At first, I don’t see it. I look up and down the massive outcrop of pumice, ash, and lithic fragments that were launched from the volcanic vent during the Minoan eruption over the years and I still don’t see it. It wasn’t until my partner, Ray, pointed it out that I finally notice it: an odd, cluster of rocks that don’t match the rest. Lisa, our instructor, wanted us to try to figure it out before she told us the story behind the rocks. She left my partner and I to think about it while we started our stratigraphic section.
As we went to work, my mind kept wandering back to the cluster. I’m a very curious person. I like seeing how things work, how they get there, and what was involved in the process. This is the reason why I love geology. Every single rock has a story that connects to a different story, which is then traced to another and another. It’s in an infinite and intricate web of knowledge. So here was this cluster of rocks, and I had no idea how they got there. As much as I wanted to know, I focused on my stratigraphic column instead. After about an hour of working, Lisa came back to check on us. While I had no idea what it could’ve been, Ray thought that it was some kind of erosion. Lisa then excitedly took us into a river channel that had the same exact cluster of rocks. Little by little, the story started to come together. She explained that what we were looking at was river scouring. River scouring occurs when a river runs through a channel and starts to erode the surface. The faster the water runs, the more erosion occurs. Also, with more turbulent water, the bigger the rocks will be. The erosion cuts into the pre-existing rock and starts to deposit the rocks from the river. These rocks stick into the pre-existing rock and form a clast. With this in mind, this means that the water level was up approximately 13 meters up. We know this because when doing a stratigraphic section, we measure every bed or anomaly.

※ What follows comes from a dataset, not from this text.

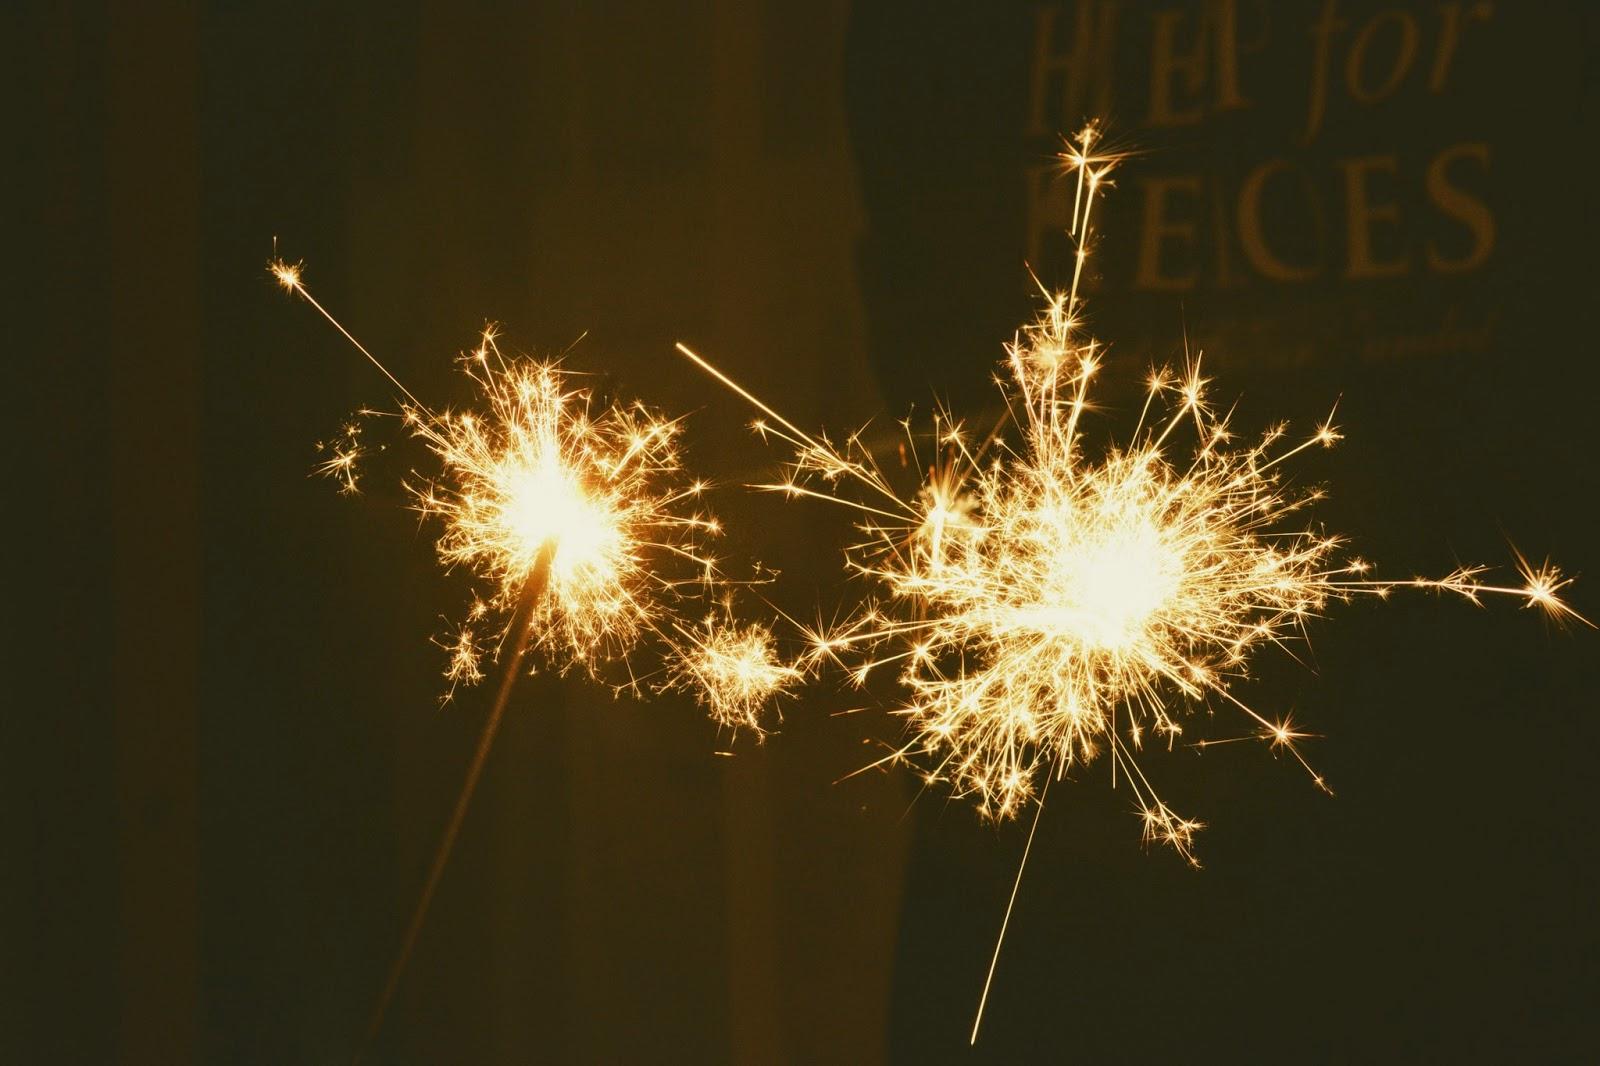 sparklers image, fall image, winter image, fireworks image

You might be asking yourself, what’s so special about a river deposit?? This river deposit is between two different beds, which can only mean one thing: something happened between Phase 2, which is pyroclastic surges, and Phase 4, which are hot pyroclastic flows (read Micah’s and Gracie’s blog for information.) These river scours are found in many places, such as Vylchada Beach and Cape Mavropetra. The rivers most likely formed as a result of thunderstorms created during the volcanic eruption. Thunderstorms sometimes occur during volcanic eruptions. What happens is after an eruption, hot ash rises and collides with the surrounding, cold air. The air expands and then cools, which causes water to condense and fall down as acidic rain. If the scour did occur from a rainstorm, it would have happened during the eruptions, since there is no break between Phase 2 and 4 (Read Holly’s blog for more information on Phase 2.) It was incredible seeing a river scour from modern times and one from thousands of years ago within walking distance from each other. It was such an “aha” moment when I actually opened my eyes and saw river scours throughout the whole river bed. Whether it was rainstorm or not, we know that water passed through the ash. It’s exciting because it gives us another piece of the puzzle. We have so many clues right in front of us. It’s just simply a matter of putting them together that helps us imagine the Minoan Eruption in all it’s glory.